L'interruzione automatica degli attacchi limita il movimento laterale all'inizio e riduce l'impatto complessivo di un attacco, dai costi associati alla perdita di produttività. Allo stesso tempo, lascia ai team delle operazioni di sicurezza il controllo completo dell'analisi, della correzione e del ripristino online degli asset.
Questo articolo offre una panoramica dell'interruzione automatica degli attacchi e include collegamenti ai passaggi successivi e ad altre risorse.
Funzionamento dell'interruzione automatica degli attacchi
L'interruzione automatica degli attacchi è progettata per contenere gli attacchi in corso, limitare l'impatto sugli asset di un'organizzazione e offrire più tempo ai team di sicurezza per correggere completamente l'attacco. L'interruzione degli attacchi usa l'ampiezza completa dei segnali di rilevamento e risposta (XDR) estesi, tenendo conto dell'intero attacco per agire a livello di evento imprevisto. Questa funzionalità è diversa dai metodi di protezione noti, ad esempio la prevenzione e il blocco in base a un singolo indicatore di compromissione.

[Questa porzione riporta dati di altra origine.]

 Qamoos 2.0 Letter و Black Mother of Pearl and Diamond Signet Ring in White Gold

Anche se molte piattaforme di orchestrazione, automazione e risposta (SOAR) di XDR e sicurezza consentono di creare azioni di risposta automatica, l'interruzione automatica degli attacchi è integrata e usa le informazioni dettagliate dei ricercatori di sicurezza Microsoft e dei modelli di intelligenza artificiale avanzati per contrastare la complessità degli attacchi avanzati. L'interruzione automatica degli attacchi considera l'intero contesto dei segnali provenienti da origini diverse per determinare gli asset compromessi.

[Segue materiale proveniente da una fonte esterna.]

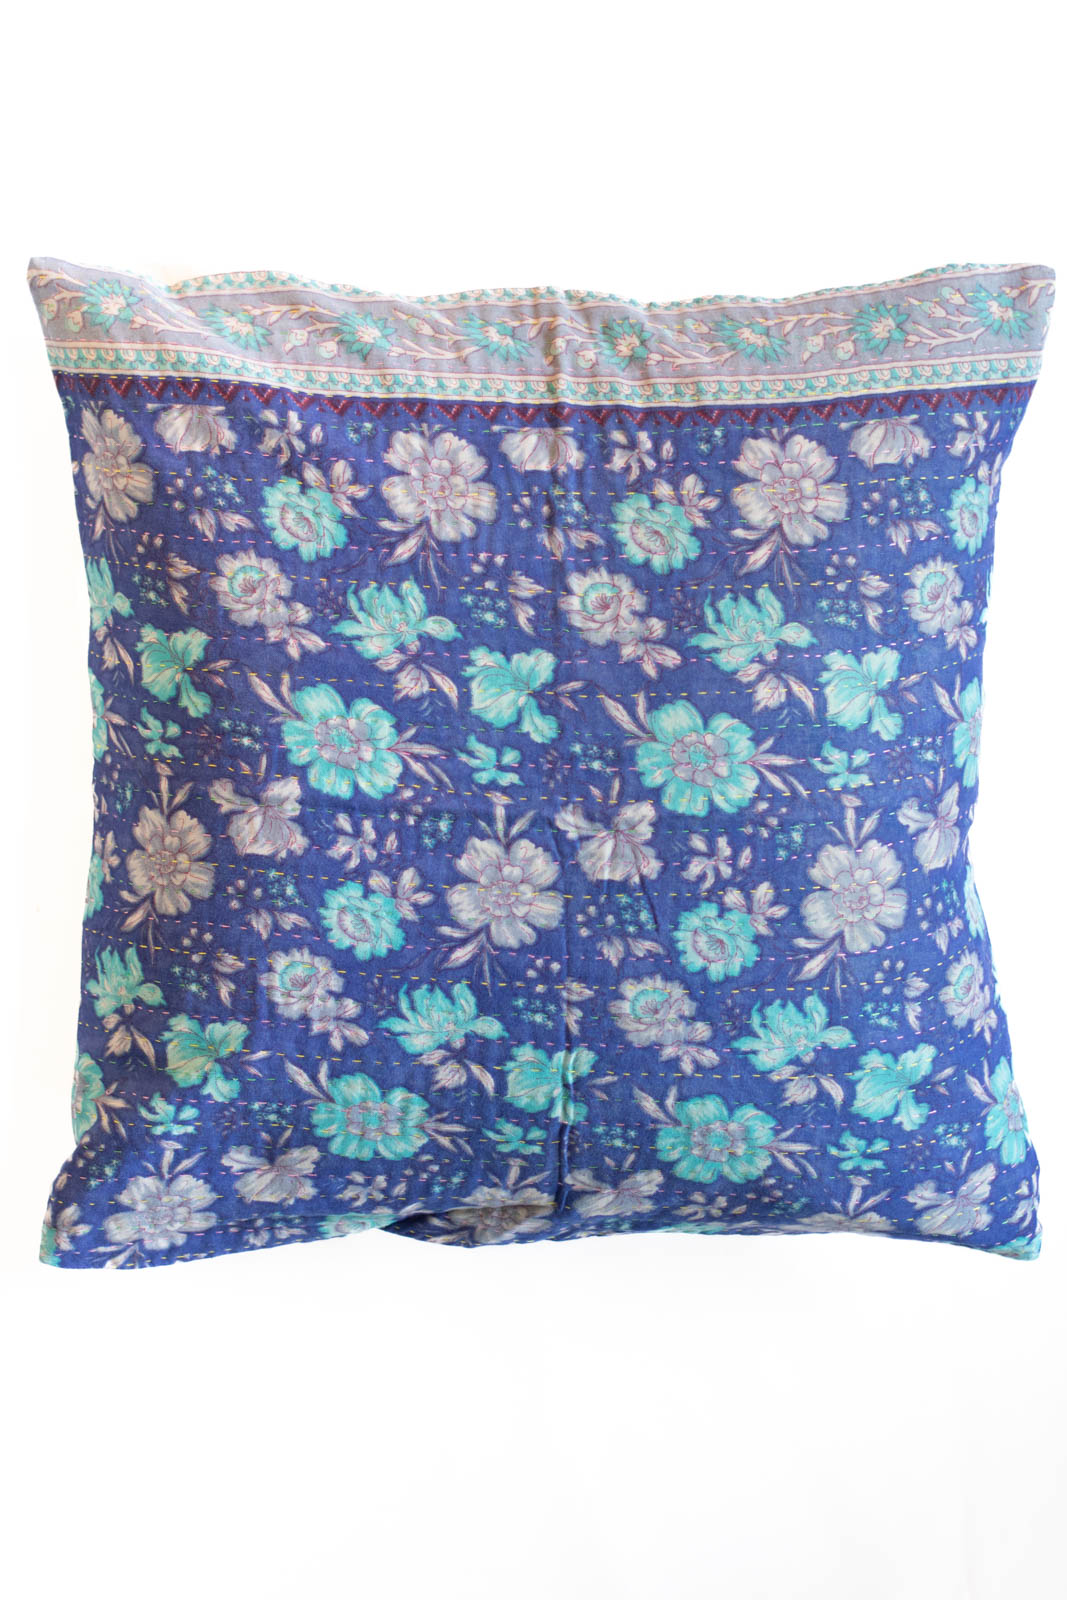 Dignity no. 4 Kantha Pillow Cover

L'interruzione automatica degli attacchi opera in tre fasi chiave:
- Usa la capacità di Defender XDR di correlare i segnali provenienti da molte origini diverse in un singolo evento imprevisto ad alta attendibilità tramite informazioni dettagliate da endpoint, identità, strumenti di posta elettronica e collaborazione e app SaaS.
- Identifica gli asset controllati dall'utente malintenzionato e usati per diffondere l'attacco.
- Esegue automaticamente azioni di risposta nei prodotti Microsoft Defender rilevanti per contenere l'attacco in tempo reale isolando gli asset interessati.
Questa funzionalità rivoluzionaria limita i progressi di un attore di minacce all'inizio e riduce drasticamente l'impatto complessivo di un attacco, dai costi associati alla perdita di produttività.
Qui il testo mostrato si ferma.